Backup solution for Hebe's BigQuery

Scheduled backup solution for Hebe’s BigQuery Warehouse

Backup solution for Hebe's BigQuery

About

Hebe was in need of a secure backup solution for their data warehouse. They wanted to be secure in case of a catastrophic failure and be prepared in case a disaster recovery is needed.

01.

Launch

2023

02.

Scope

EDW backup

03.

SOLUTION

04.

RESULTS

About the client

Hebe is a specialised health and beauty chain with more than 300 stores in Poland, that is part of Jeronimo Martins. Its business concept is based on offering high quality services at very competitive prices. In 2022, the company consolidated its omnichannel approach, strengthening the integration between the digital channel and the physical store network. Hebe’s online shop also sells to the Czech Republic and Slovakia.

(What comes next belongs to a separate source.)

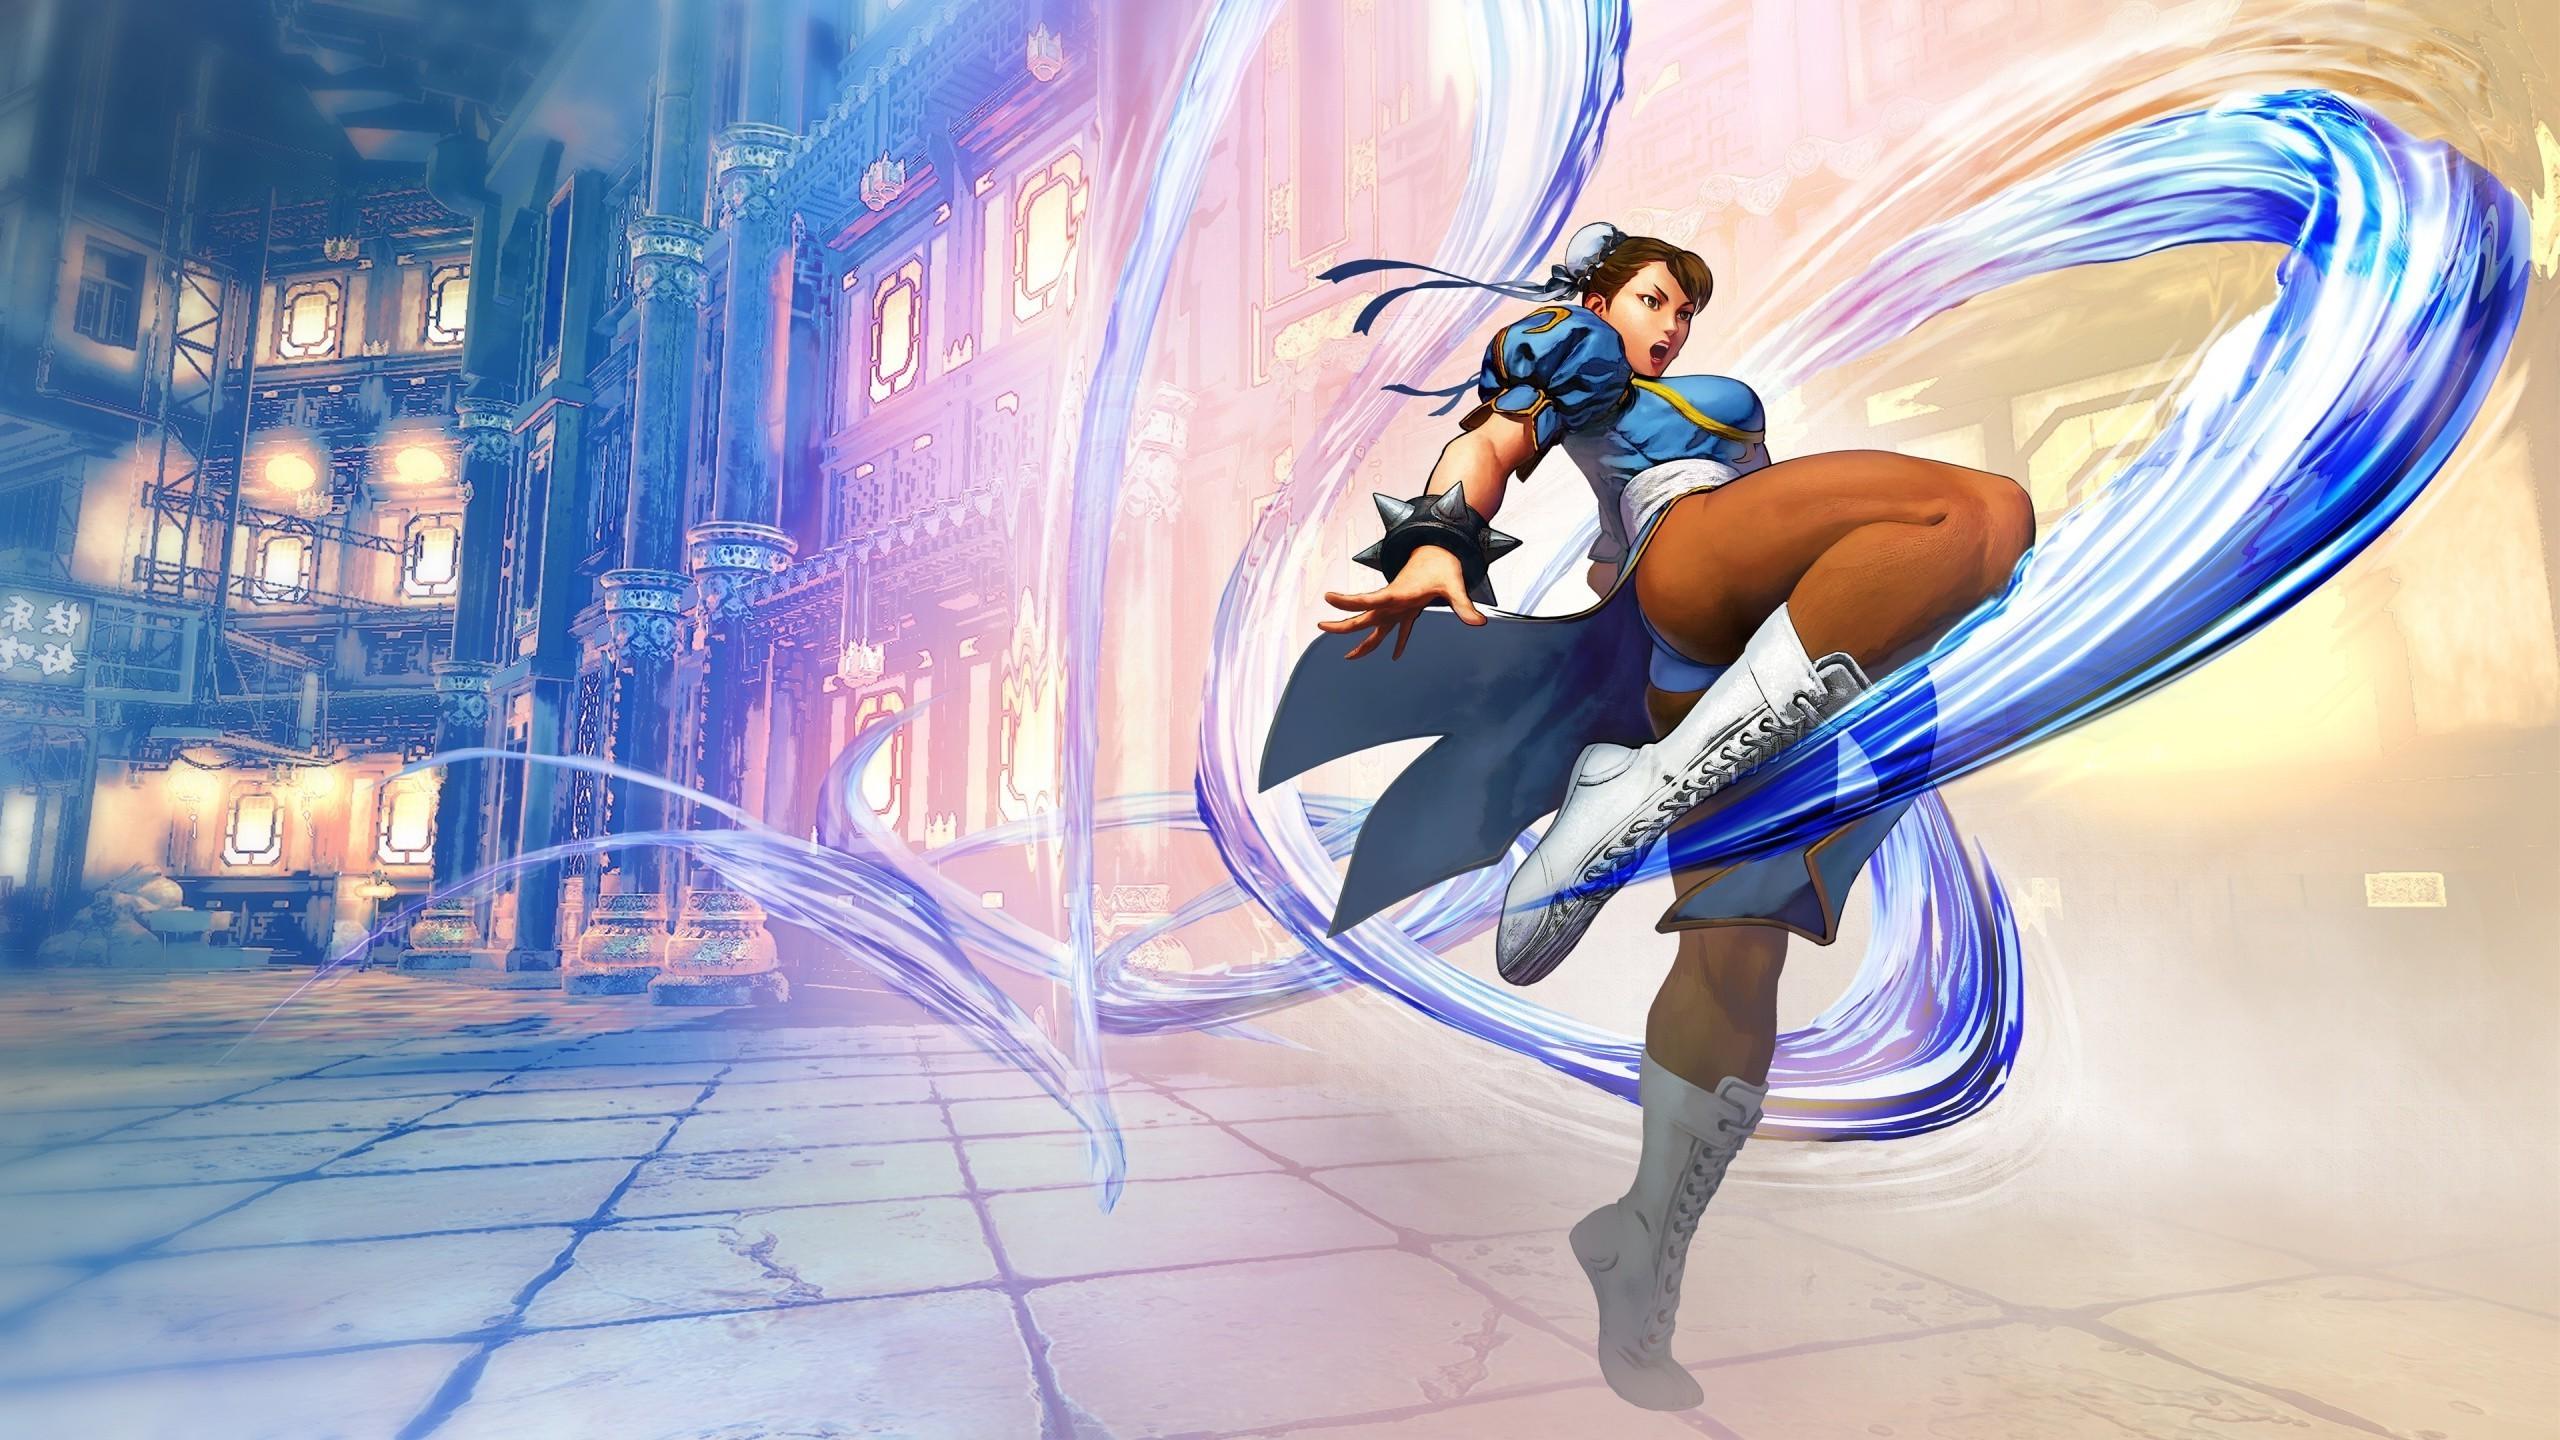 video Games, Video Game Girls, Chun Li, Street Fighter V, Street Fighter,  Artwork Wallpapers HD / Desktop and Mobile Backgrounds

Hebe was in need of a more secure and longer-standing backup solution for their data warehouse than a 7 day backup that is native for BigQuery. They also wanted to be secure in case of a catastrophic failure such a physical destruction of Google data centers, be prepared in case a disaster recovery is needed, and set up a backup not only in a different zone, but also a different region.

An automatic backup is done every 7 days, without a need of human triggers. Hebe is protected in case of a catastrophic failure, but since the backup is automatically removed after 30 days, the solution remains economical.

01.

Solution

To automatically backup the data from BigQuery, we used such Cloud solutions as Cloud Composer with Apache Airflow and Storage Transfer. We also leveraged Google Cloud’s division into regions and zones to safely store the data across Europe.

02.

Backups

To store the backup and make sure a restore is available with a maximum of 7 days gap, we use a bucket in a different region, with data in .parquet file. For the backup to be automatically done, without a need of human triggers, we used Cloud Composer with Apache Airflow to first export tables to a bucket in the same region, and then Storage Transfer to sync it with a different region bucket.

03.

Results

Effectively, backup is safely stored 1500 KM away from where hebe’s BigQuery warehouse is set and hebe is protected in case of a natural disaster or error. In case of any problems in BigQuery, there is an option to go back and restore a previous version for as long as 30 days. After 30 days the backup is automatically removed, which helps keep the solution financially manageable.